On Mon, Jul 7, 2025 at 12:39 PM Fedor Pchelkin <pchelkin at ispras.ru> wrote:
> On Fri, 20 Jun 2025 23:33:31 +0200, Jann Horn wrote:
> > Currently, __split_vma() triggers hugetlb page table unsharing through
> > vm_ops->may_split(). This happens before the VMA lock and rmap locks are
> > taken - which is too early, it allows racing VMA-locked page faults in our
> > process and racing rmap walks from other processes to cause page tables to
> > be shared again before we actually perform the split.
> >
> > Fix it by explicitly calling into the hugetlb unshare logic from
> > __split_vma() in the same place where THP splitting also happens. At that
> > point, both the VMA and the rmap(s) are write-locked.
> >
> > An annoying detail is that we can now call into the helper
> > hugetlb_unshare_pmds() from two different locking contexts:
> >
> > 1. from hugetlb_split(), holding:
> > - mmap lock (exclusively)
> > - VMA lock
> > - file rmap lock (exclusively)
> > 2. hugetlb_unshare_all_pmds(), which I think is designed to be able to
> > call us with only the mmap lock held (in shared mode), but currently
> > only runs while holding mmap lock (exclusively) and VMA lock
> >
> > Backporting note:
> > This commit fixes a racy protection that was introduced in commit
> > b30c14cd6102 ("hugetlb: unshare some PMDs when splitting VMAs"); that
> > commit claimed to fix an issue introduced in 5.13, but it should actually
> > also go all the way back.
> >
> > [jannh at google.com: v2]
> > Link: https://lkml.kernel.org/r/20250528-hugetlb-fixes-splitrace-v2-1-1329349bad1a@google.com
> > Link: https://lkml.kernel.org/r/20250528-hugetlb-fixes-splitrace-v2-0-1329349bad1a@google.com
> > Link: https://lkml.kernel.org/r/20250527-hugetlb-fixes-splitrace-v1-1-f4136f5ec58a@google.com
> > Fixes: 39dde65c9940 ("[PATCH] shared page table for hugetlb page")

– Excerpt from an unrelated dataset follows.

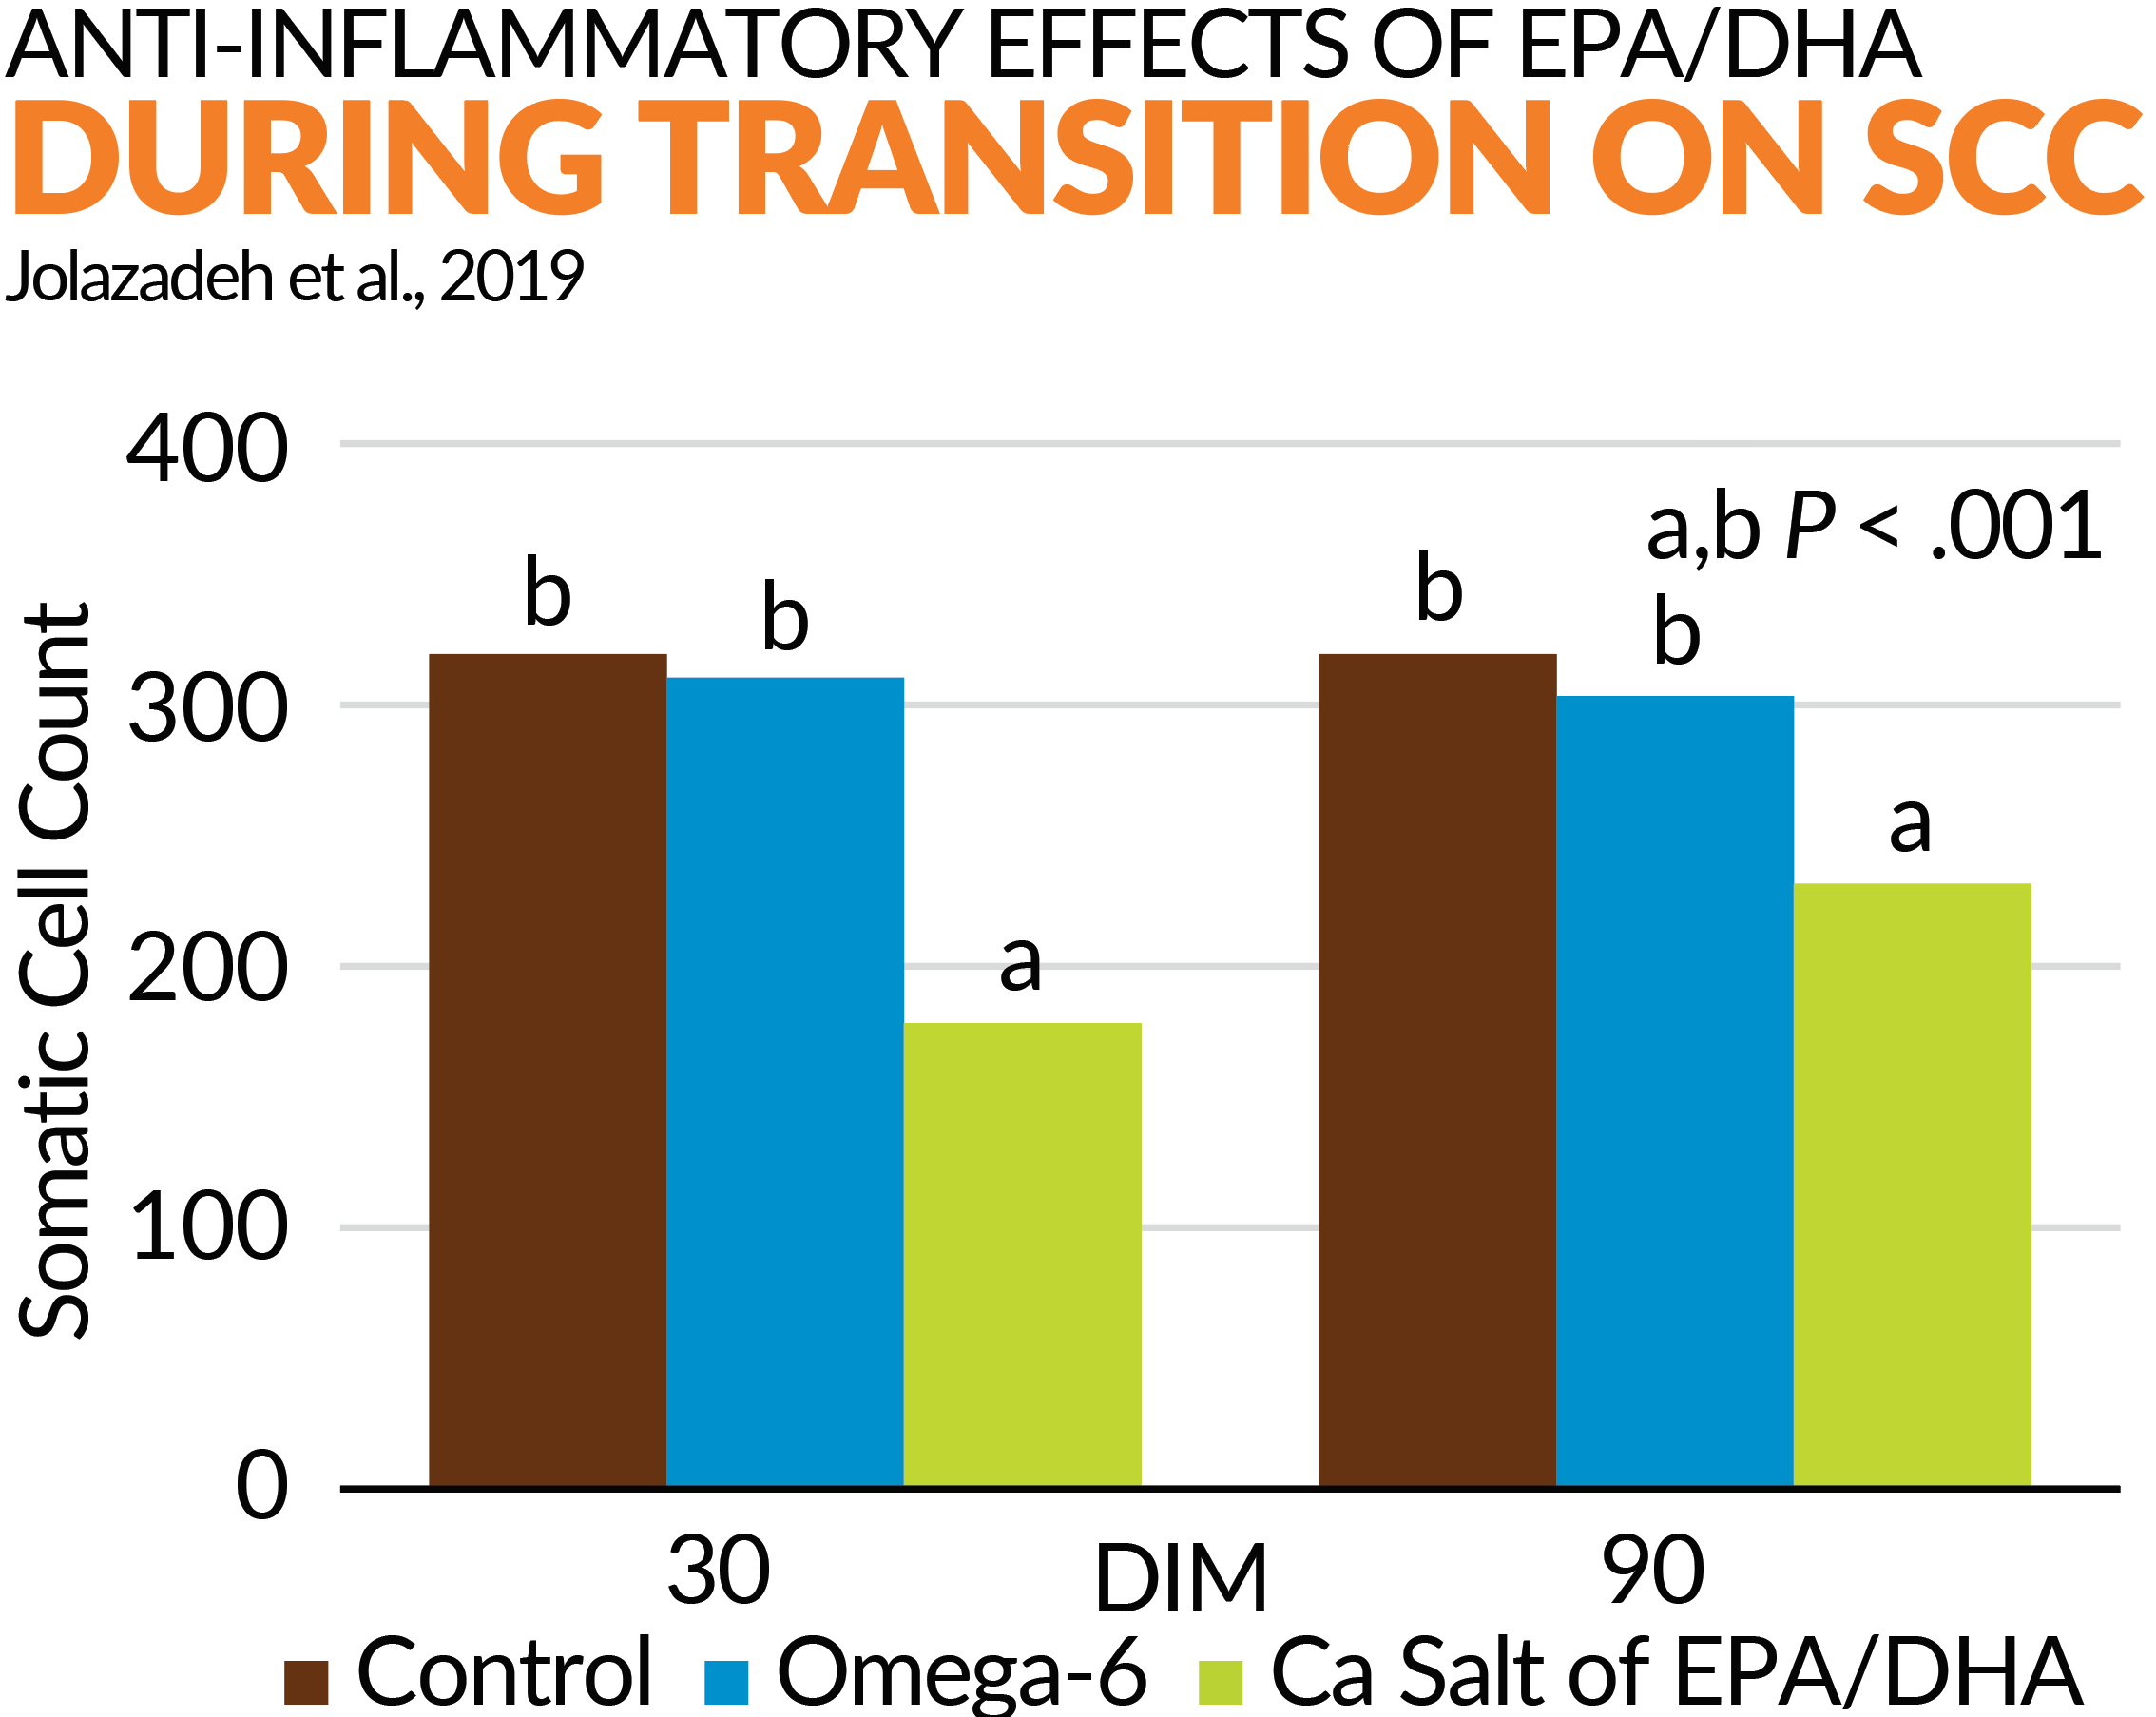 Chart showing anti-inflammatory effects of EPA/DHA during transition on SCC

> > Signed-off-by: Jann Horn <jannh at google.com>
> > Cc: Liam Howlett <liam.howlett at oracle.com>
> > Reviewed-by: Lorenzo Stoakes <lorenzo.stoakes at oracle.com>
> > Reviewed-by: Oscar Salvador <osalvador at suse.de>
> > Cc: Lorenzo Stoakes <lorenzo.stoakes at oracle.com>
> > Cc: Vlastimil Babka <vbabka at suse.cz>
> > Cc: <stable at vger.kernel.org> [b30c14cd6102: hugetlb: unshare some PMDs when splitting VMAs]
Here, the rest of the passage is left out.